Следующая ночевка как раз в таких зарослях. Вокруг море переспевающей красной смородины. Деревья не такие, как на перевале, здешние - высоченные, широкие мощные деревья, не обхватить руками. Ночью подает голос куропатка.
Утро третьего дня ослепило синевой неба. Собираемся, снова выстраиваемся караваном, уже без особого энтузиазма, вымотанные и мечтающие поскорее доехать. Едем прямо по реке, рассекая бирюзовую, словно стеклянную, воду. Скорость как у среднего пешехода. Афанас присматривается к берегам - где-то здесь можно выехать на берег и ехать по зимнику. Вот и зимник - сразу видно две колеи среди огненного голубичника. Выезжаем на дорогу и - фррр - "Урал" достаточно сильно кренится вбок. Все понятно. Вылезаем наружу. Я в окружении детей поднимаюсь до сухого места и расстилаю на хрустящем ягеле жилет из овчины - это надолго. Мужики снова молча оценивают фронт работы, вооружаются бензопилами, снова выгружают буранные гусеницы и снова готовят дорожное полотно для вытаскивания "Урала", попавшего в ловушку неверной северной почвы.
Но вот машина на свободе, и мы едем дальше. По прямой остается около десятка километров и я уже страшно воодушевлена - поскорей бы доехать. Сначала едем на первое озеро, наши соседи-оленеводы хотят там остановиться. Несмотря на адскую усталость от дороги, все равно любуюсь местностью, сентябрьским разноцветием. Вдруг из леса на залитую солнцем голубичную поляну выбегают несколько оленей, пересекают ее и снова скрываются в золоте лиственниц. Это воодушевляет неимоверно.

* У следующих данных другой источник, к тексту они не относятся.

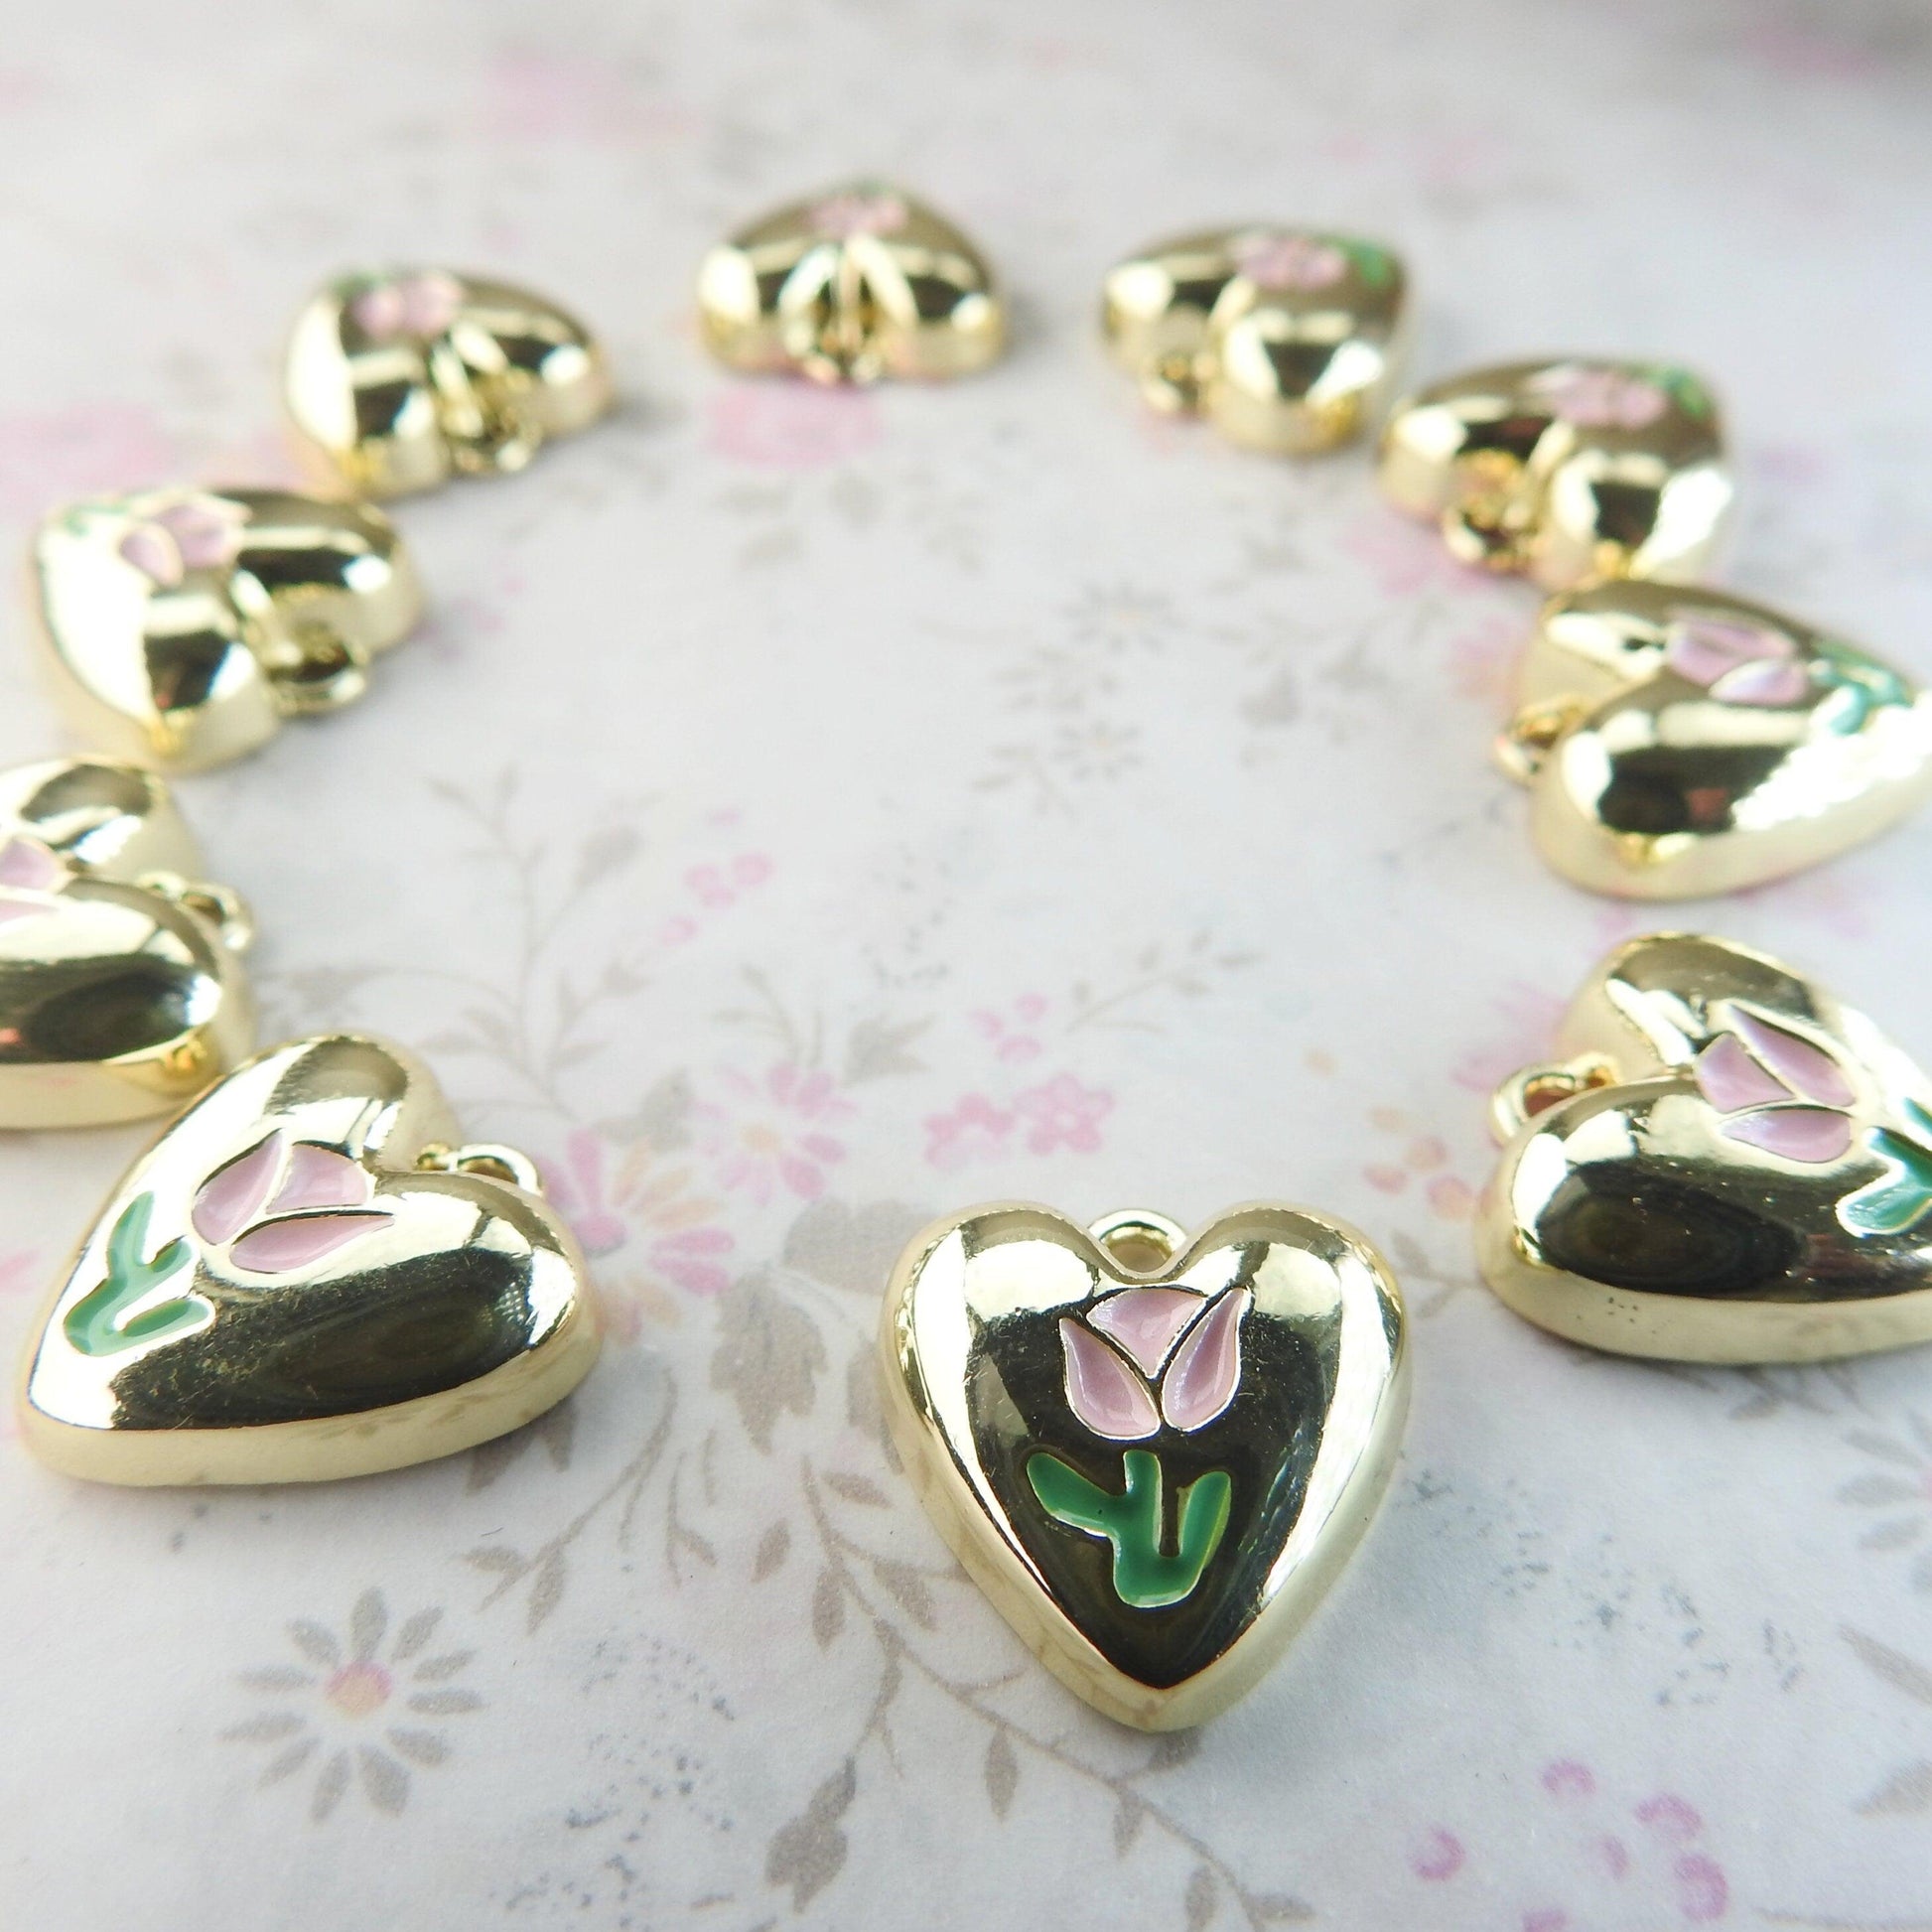 10 Heart shaped charms for bracelet, necklace, earrings, with a pink tulip flower on them. Cute jewelry-making supplies for pendants

Вот и озеро, на которое ехали оленеводы. Они радостно переговариваются, разгружают свой "Урал", уже неторопливо, расслабленно. Кипятят чай в больших пятилитровых чайниках, варят оленину, кормят нас обедом. Им уже некуда торопиться, а нас еще ждет несколько километров пути опять вдоль горной реки - наше озеро прямо за ближайшей сопкой, но в объезд получается длиннее. Кажется, что река бесконечна, бирюзовое стекло, журча, сворачивает и сворачивает среди камней. Солнце садится за гору и освещает горы на другом берегу. Золотистая полоска поднимается все выше, вытесняемая тенью и уже становится прохладно.
Наконец машина останавливается. Дети спят. Бурэ и Афанас берут фонари и скрываются в темноте. Их нет минут двадцать, а потом они выныривают из ночи, воодушевленные, и говорят, что наше озеро тут, рядом, сейчас подъедем, дорога хорошая.
Уже в кромешной тьме ставим палатку, печку, греем две банки консервированного супа - сил готовить и ждать ужина нет ни у кого. Бурэ смеется, вот это экспедиция. Афанас пожимает плечами: "Это не экспедиция." А что это тогда, Афанас? Тот снова пожимает плечами и усмехается. "Да просто съездили, посмотрели, что да как. А экспедиция - это когда на Северный полюс." Это когда далеко и трудно. А сюда - эвену не трудно. Здесь у эвена своя территория, он тут как дома.
Пьем чай, оглушенные тем, что добрались-таки. Мыслей никаких нет. Смотрим, как в печке догорает огонь, слушаем, как в ночи шумит река. Где-то в стороне переговариваются куропатки, обсуждая внезапно нагрянувших чужаков. Доехали, доехали...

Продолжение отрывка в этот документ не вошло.